Action item:
Each line of the data below should be restated exactly, with images left out.

[[ Data excerpt, beginning ]]

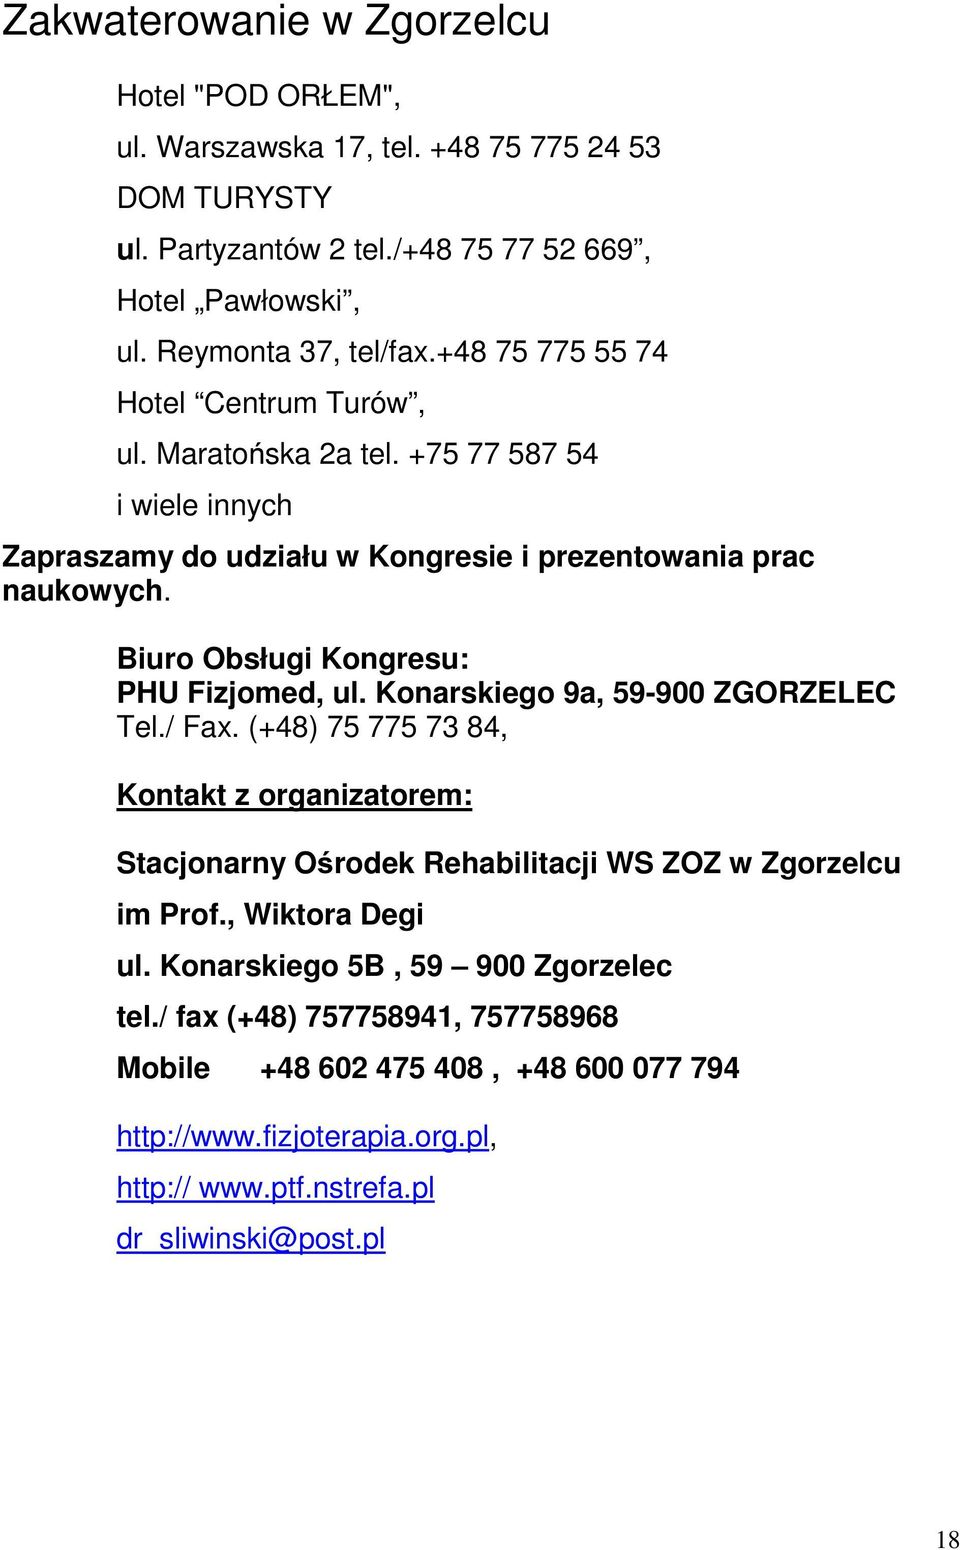 Biuro Obsługi Kongresu: PHU Fizjomed, ul. Konarskiego 9a, 59-900 ZGORZELEC Tel./ Fax.
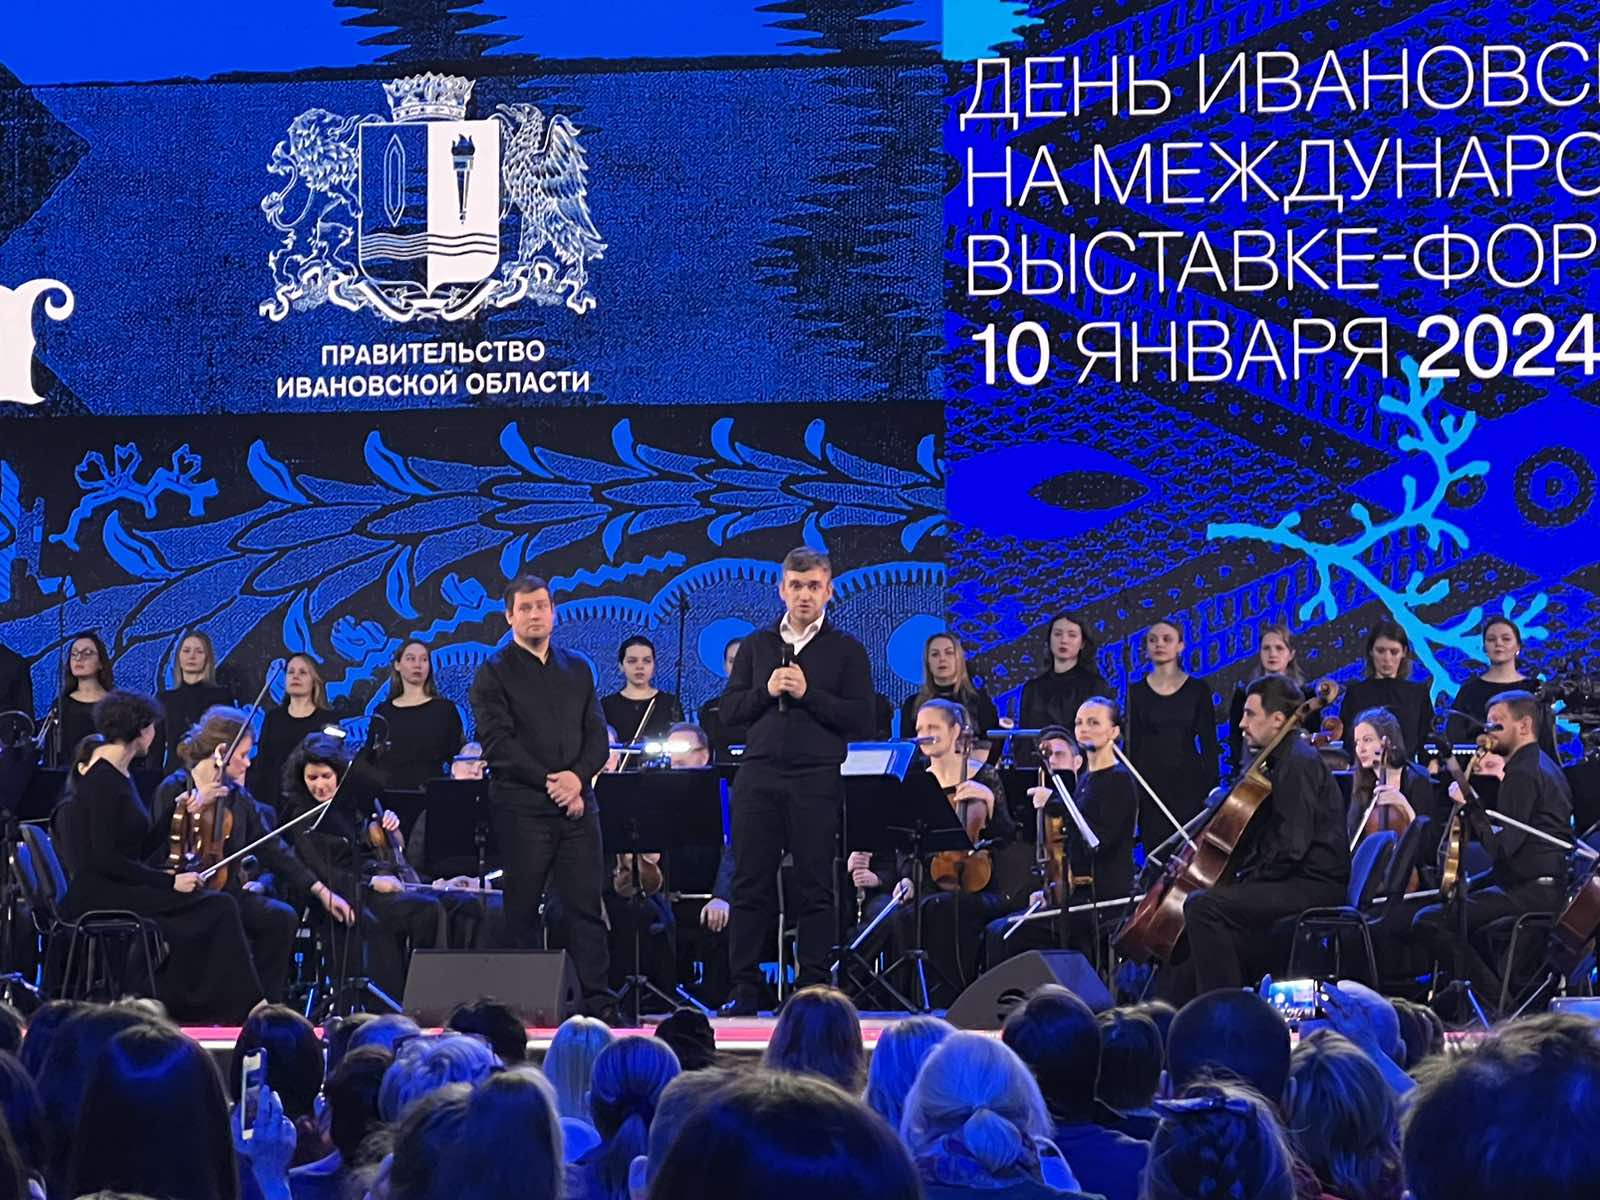 Сегодня на Международной выставке-форуме «Россия» на ВДНХ будет представлен День Ивановской области.
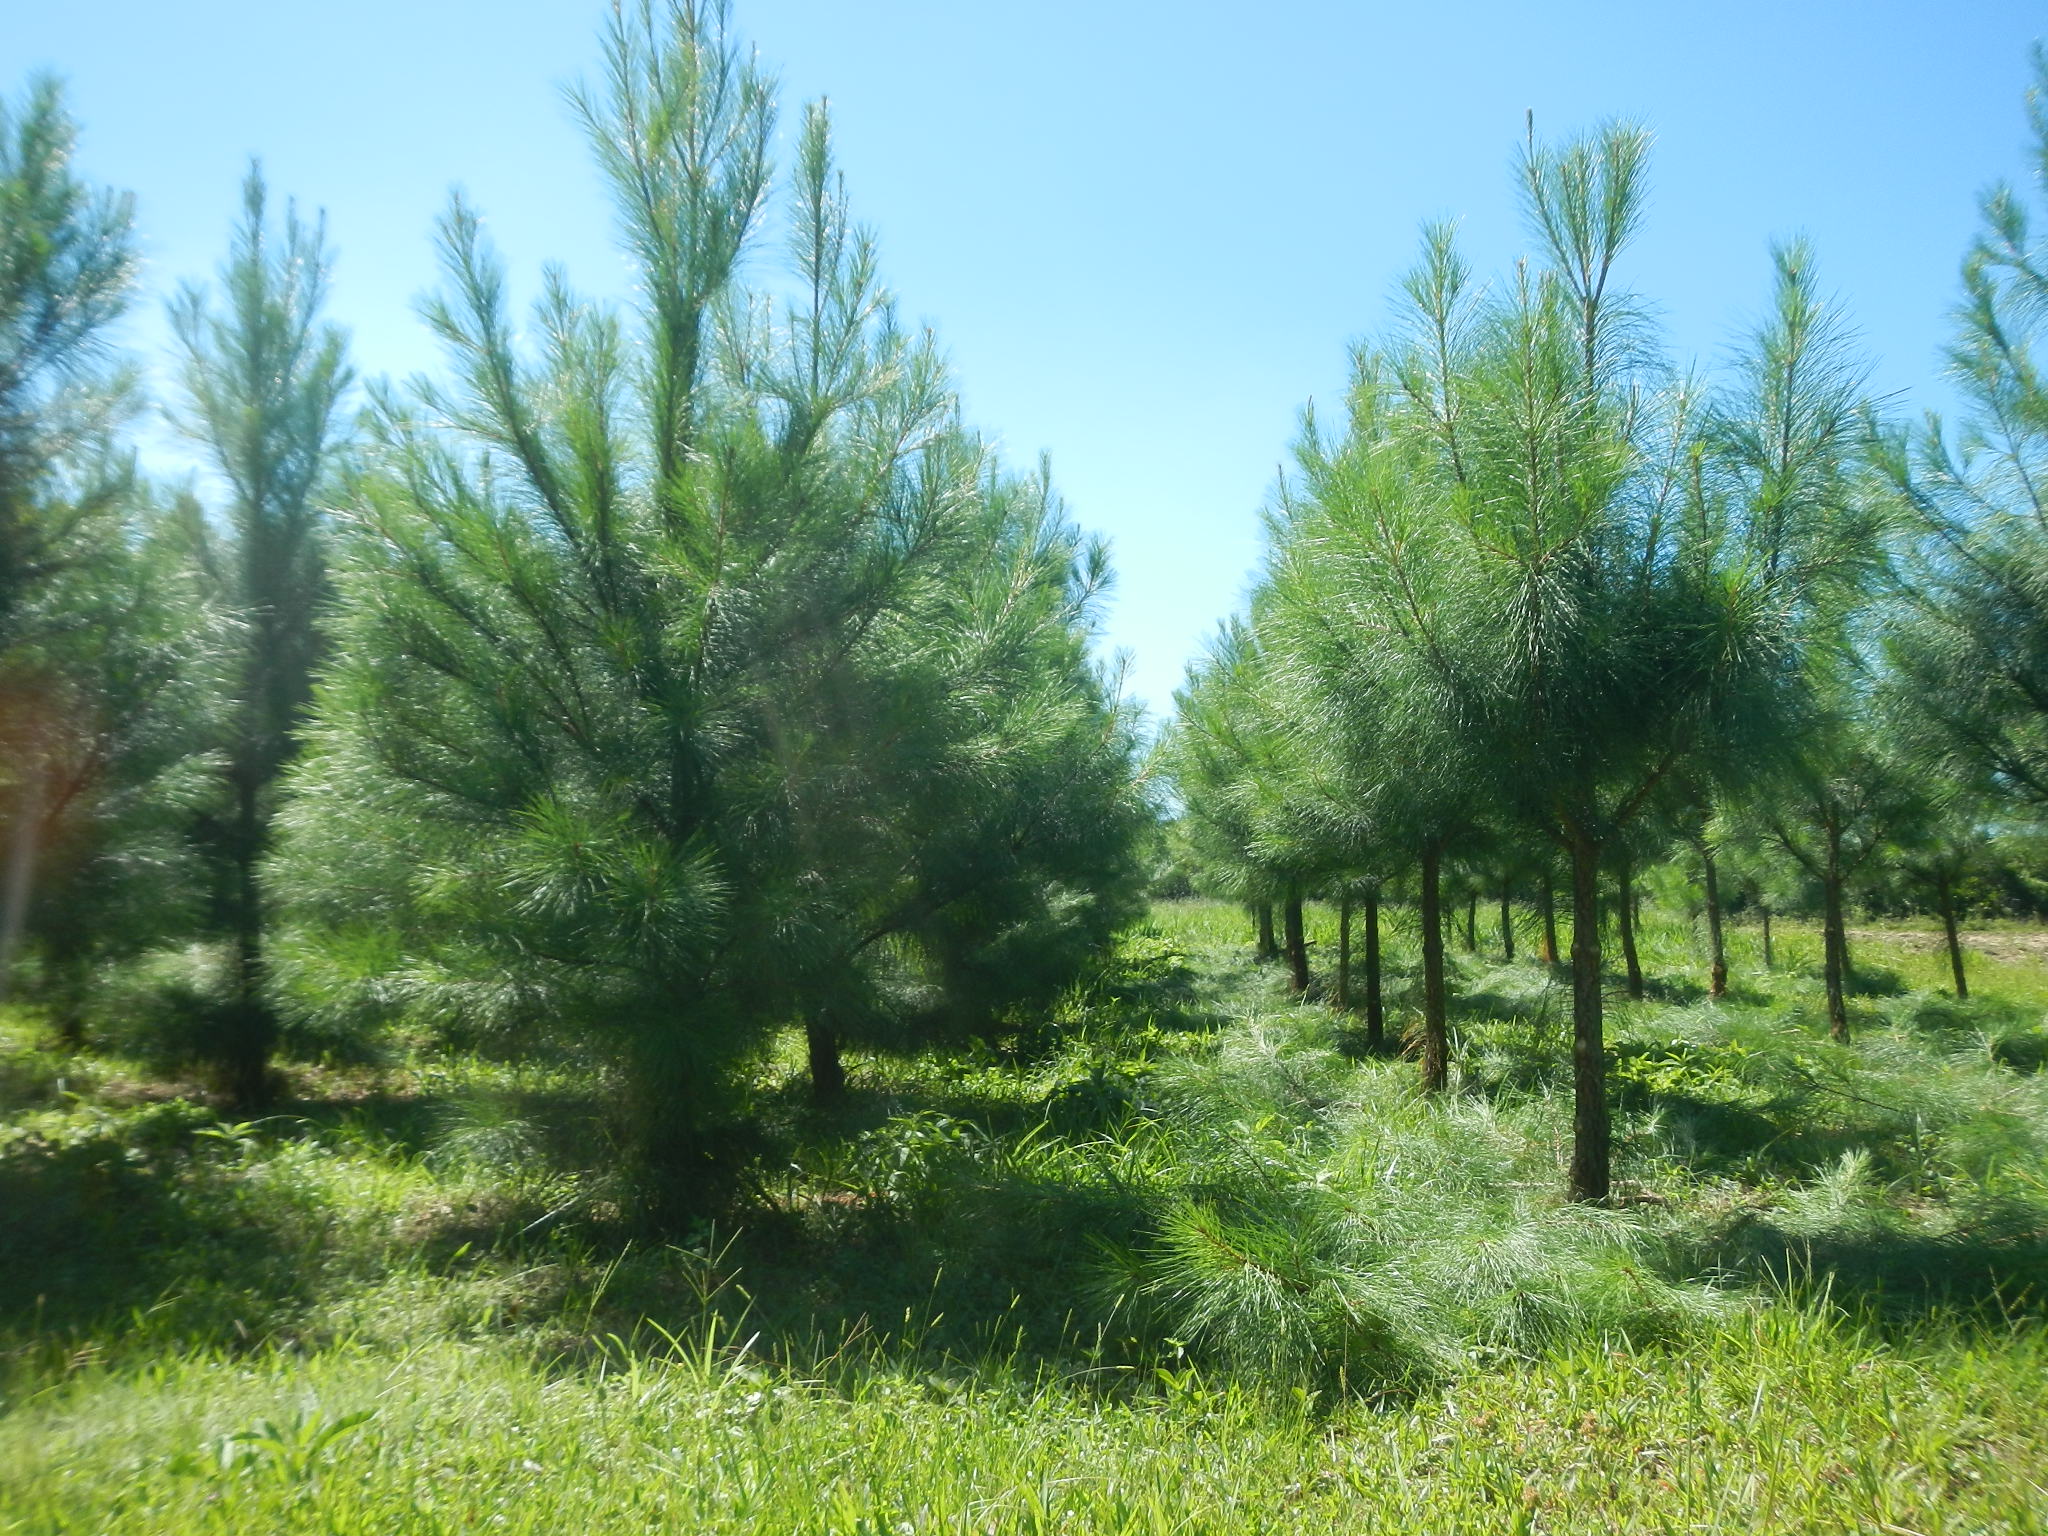 20150312 Fazenda Silvicultura poda desrama de pinus 003.jpg

[[ Data excerpt, end ]]

Task output:
 Biuro Obsługi Kongresu: PHU Fizjomed, ul. Konarskiego 9a, 59-900 ZGORZELEC Tel./ Fax.
 Сегодня на Международной выставке-форуме «Россия» на ВДНХ будет представлен День Ивановской области.
 20150312 Fazenda Silvicultura poda desrama de pinus 003.jpg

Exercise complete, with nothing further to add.